§ Your objective: Would you copy, word for word, each line from the one with "De transformatie van" to the end of the listing below, skipping all pictures?

§ Material provided:
++++
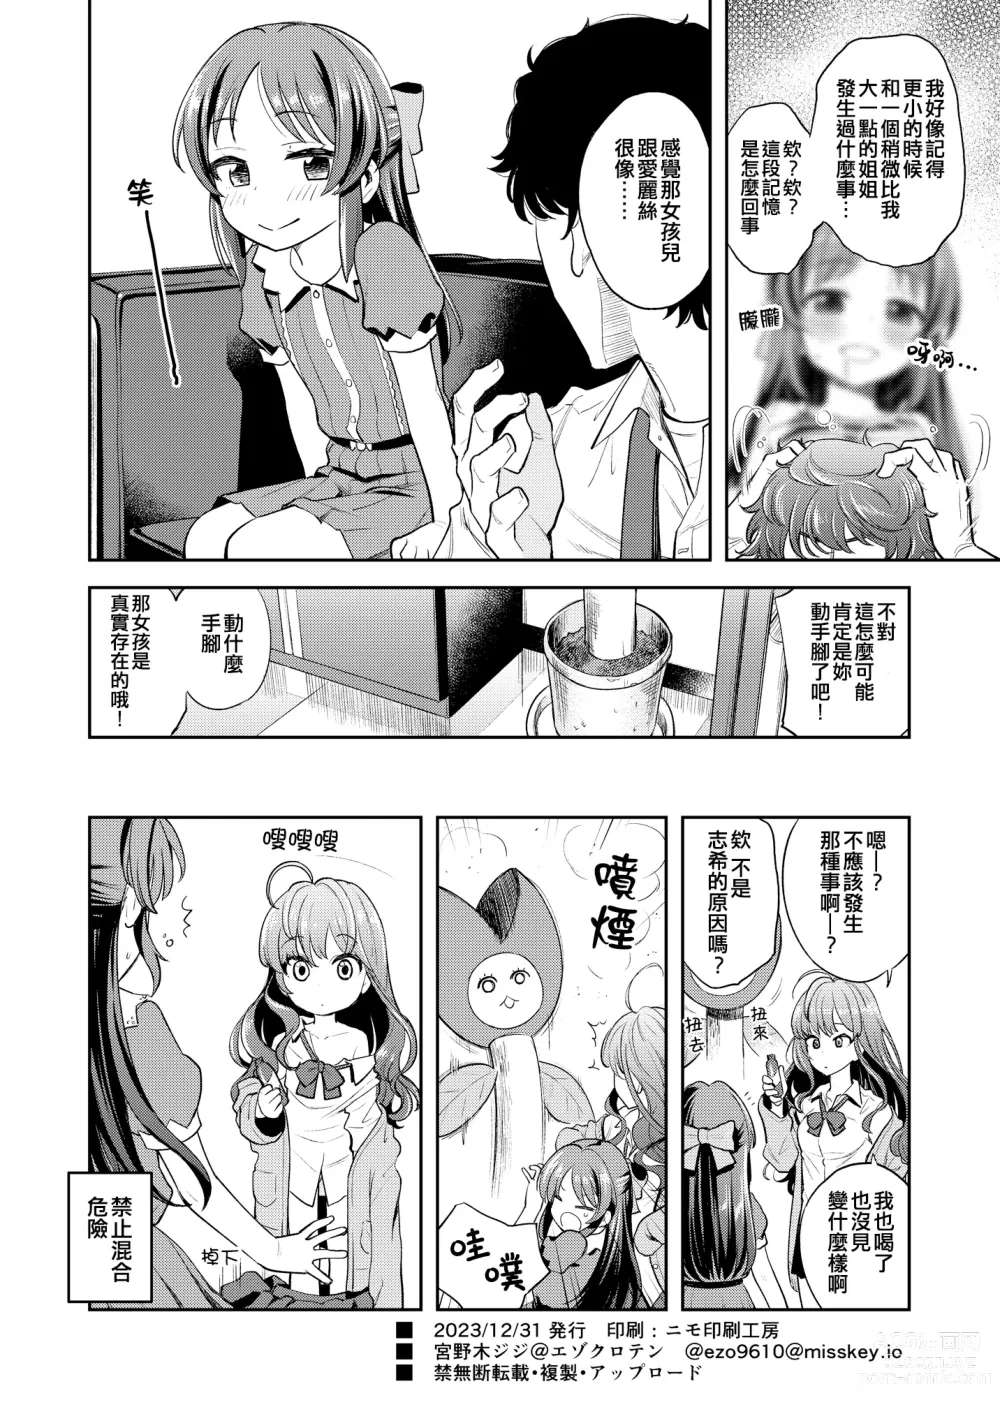 Page 26 of doujinshi Warui Ko Arisu inPio
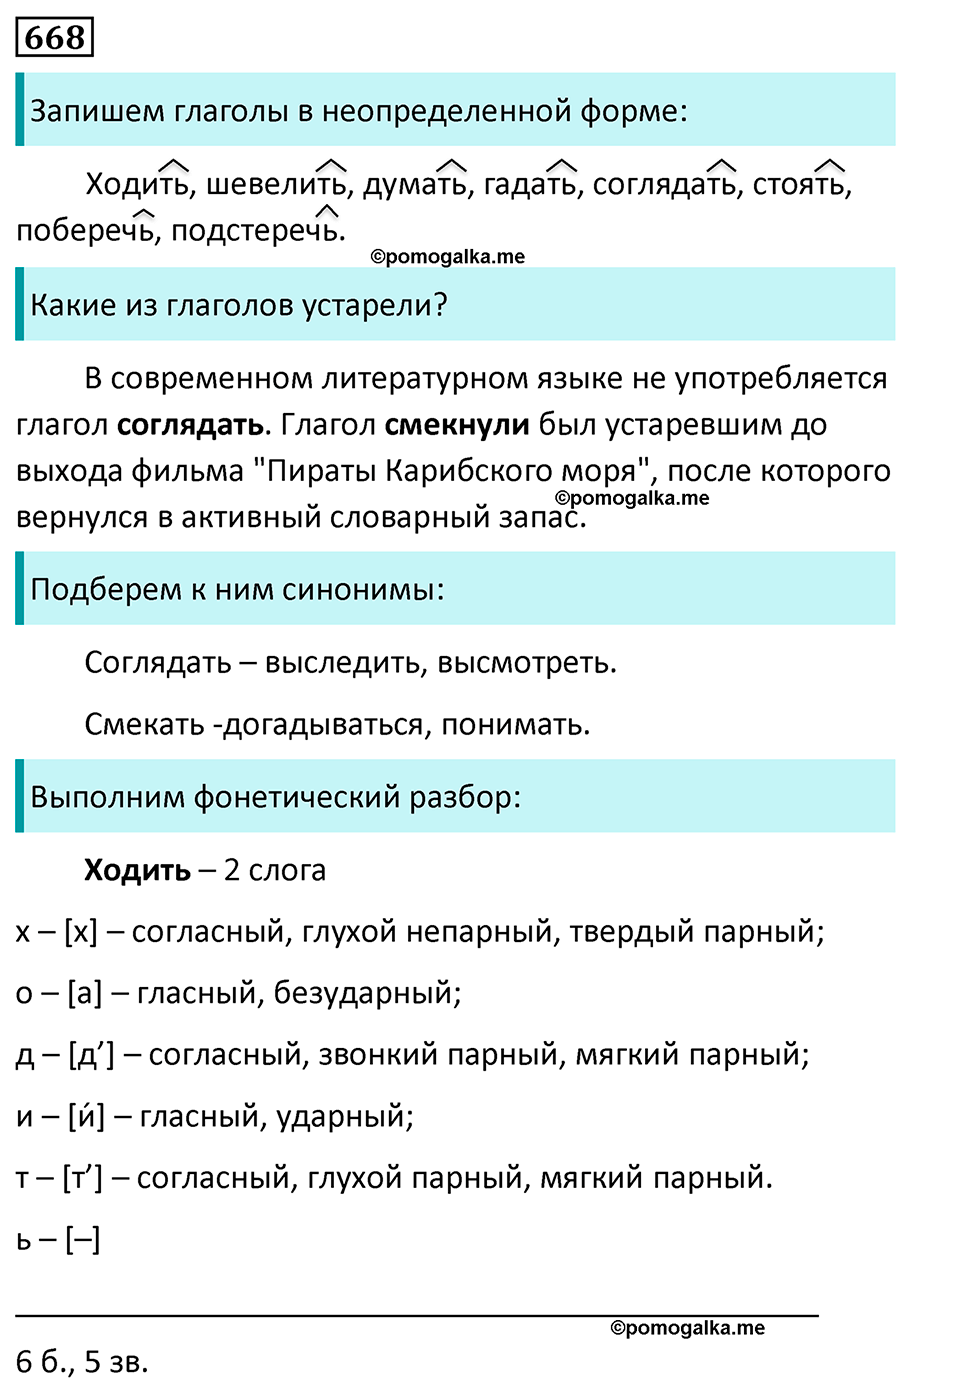 упражнение 668 русский язык 5 класс Ладыженская, Баранов, Тростенцова, Григорян 2020 год
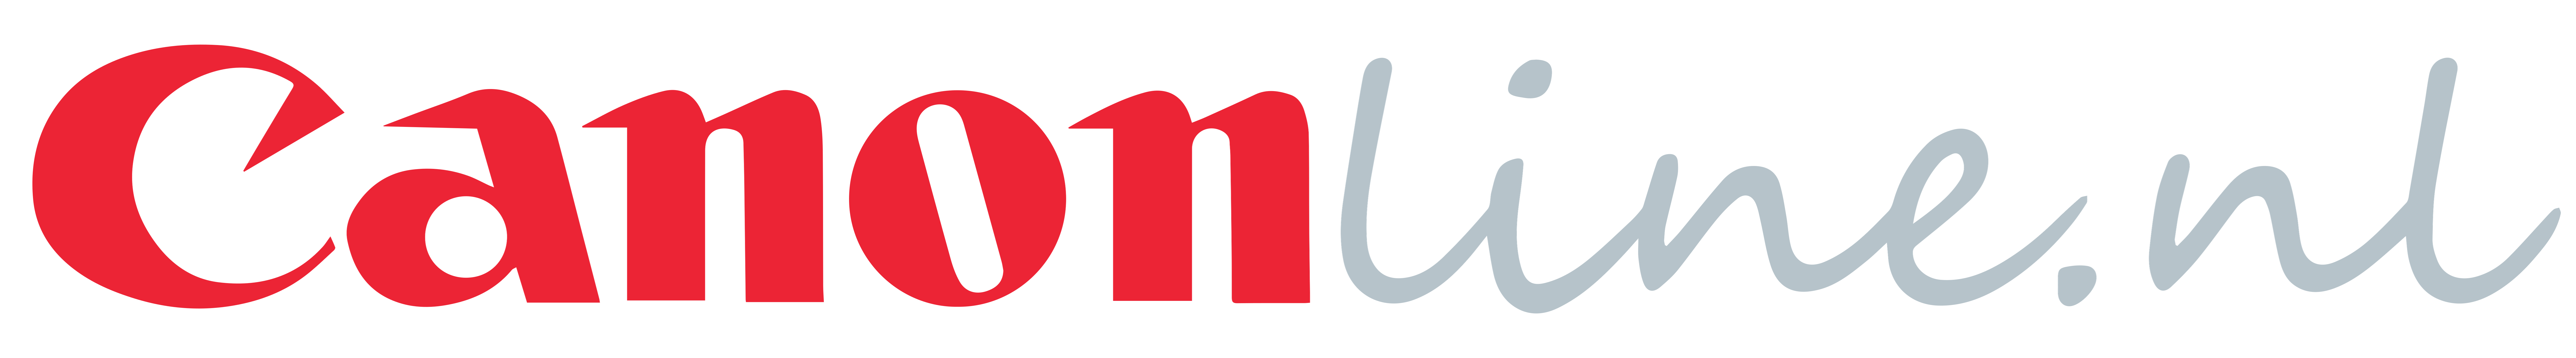 De transformatie van Canonline.nl featured logo
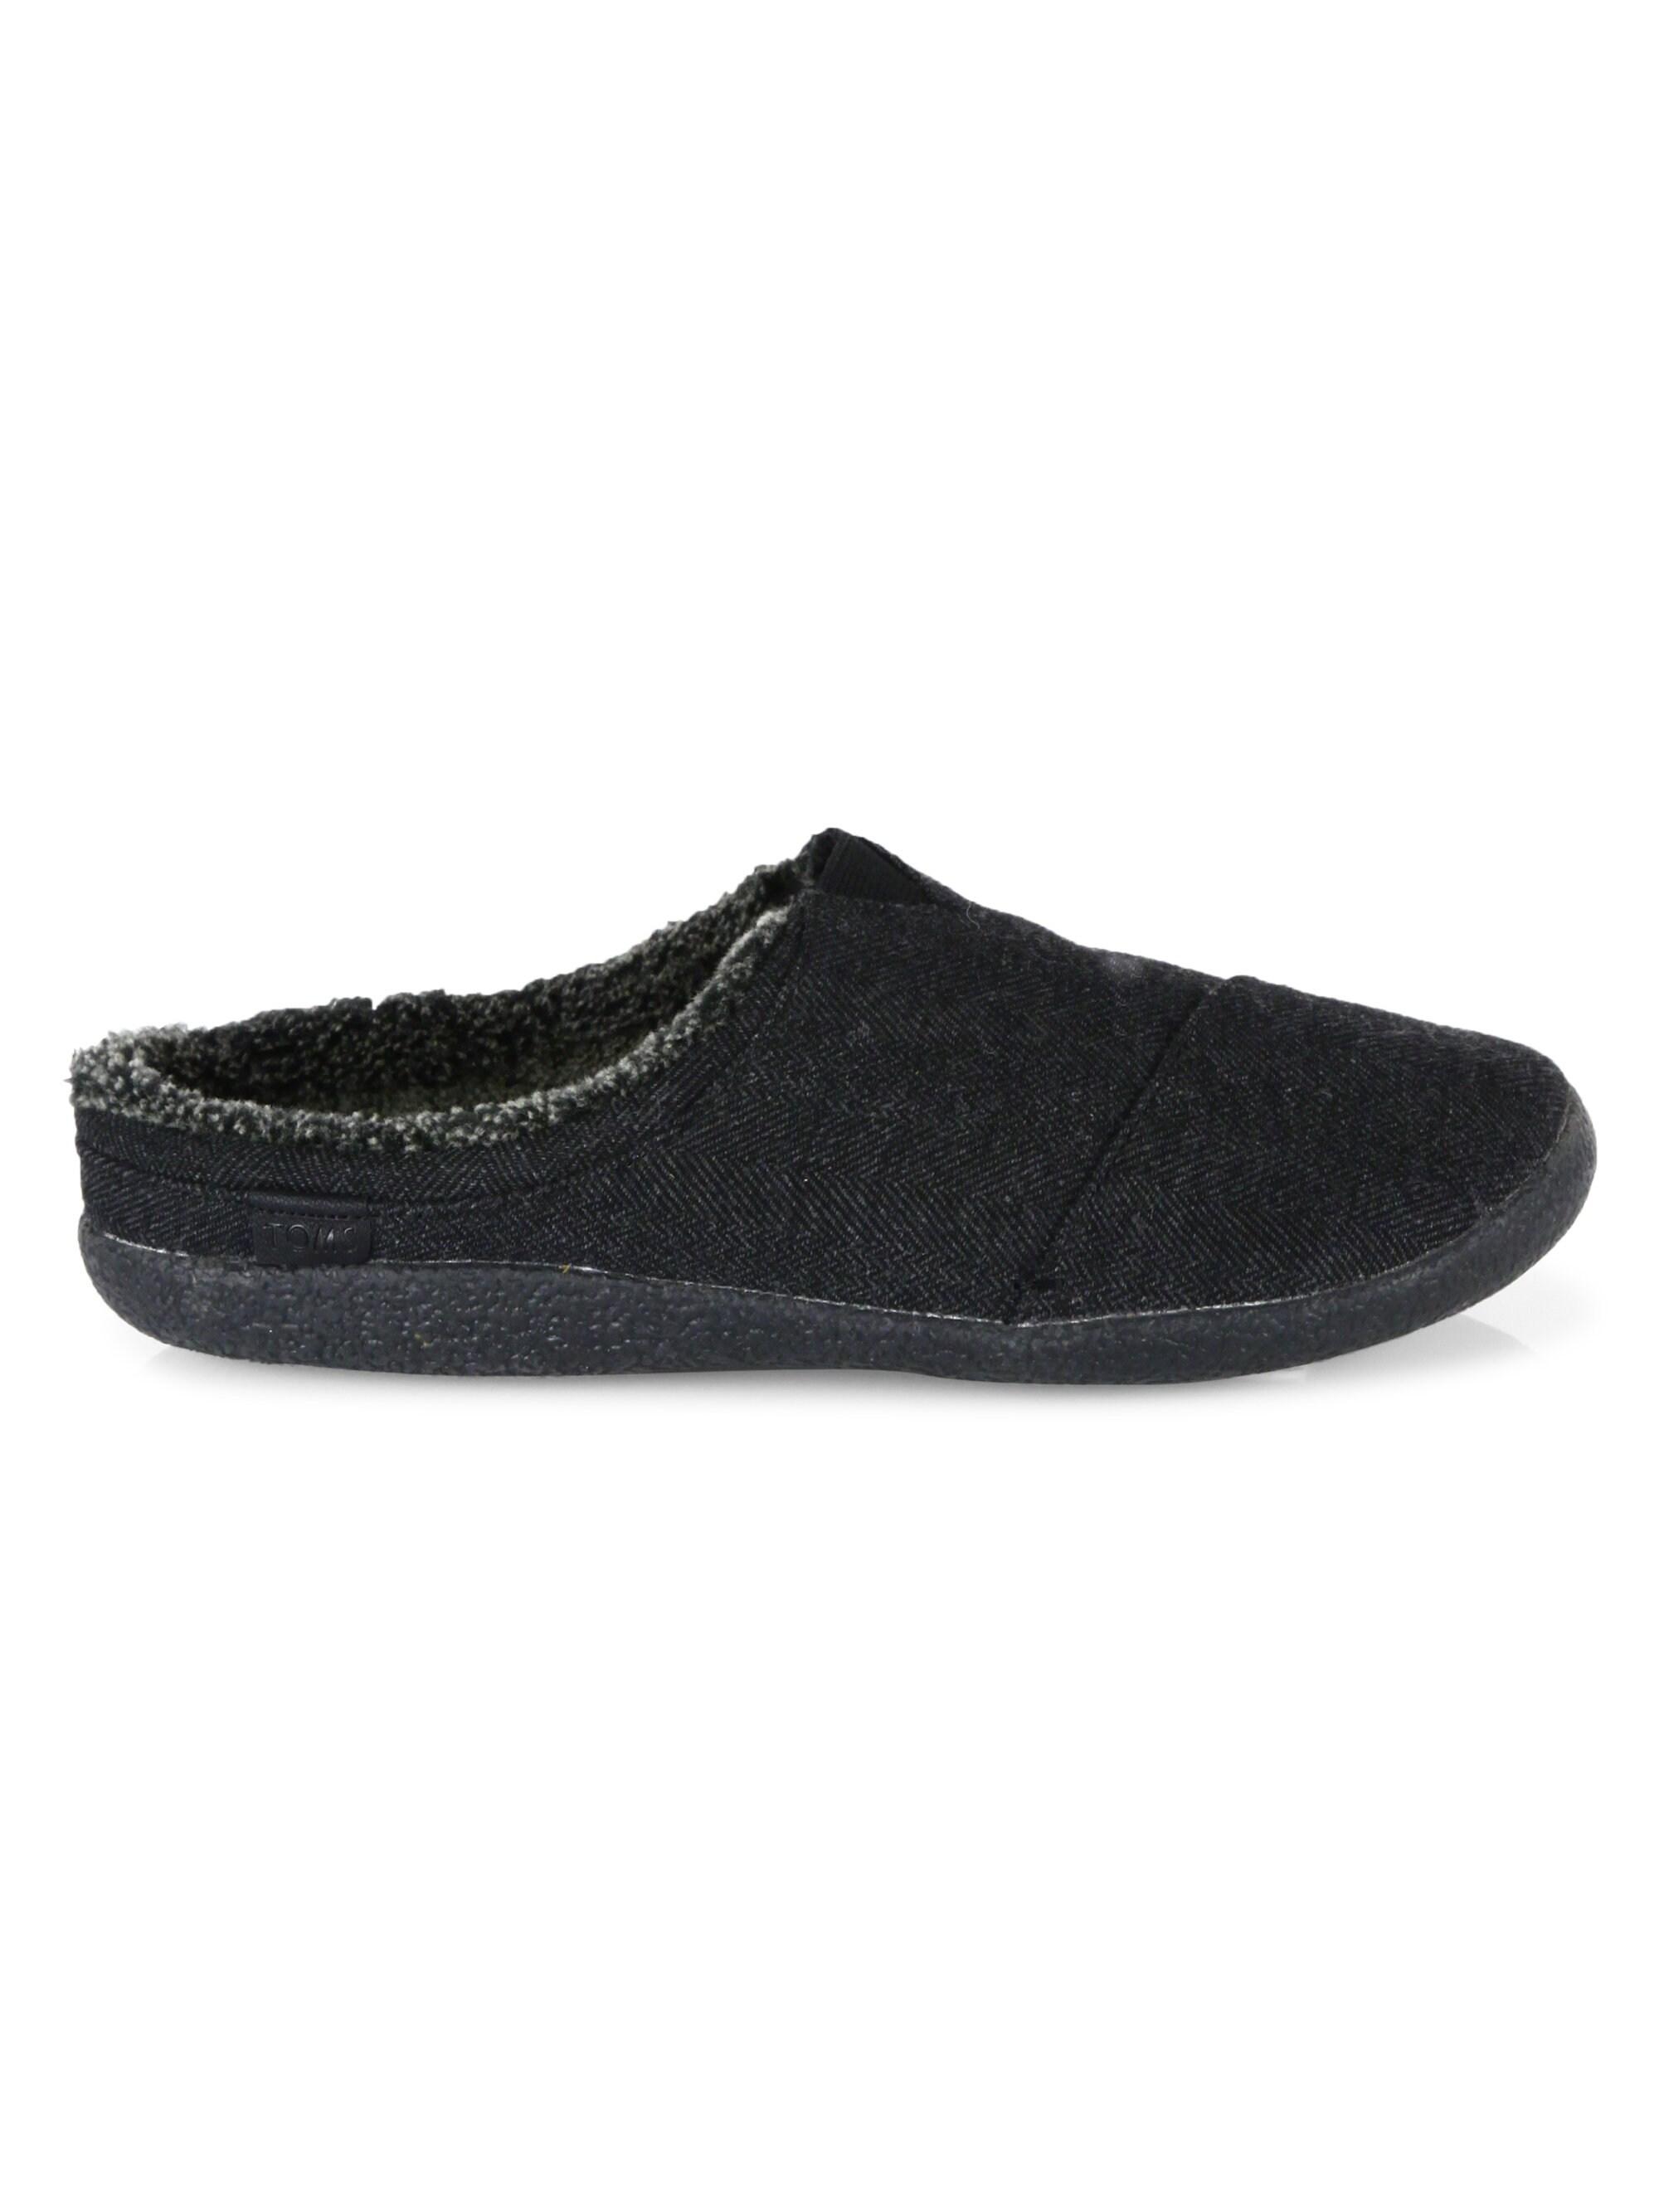 TOMS Men's Wool Slippers - Black for Men - Lyst
++++
§ Task solution:
 De transformatie van Canonline.nl featured logo
 TOMS Men's Wool Slippers - Black for Men - Lyst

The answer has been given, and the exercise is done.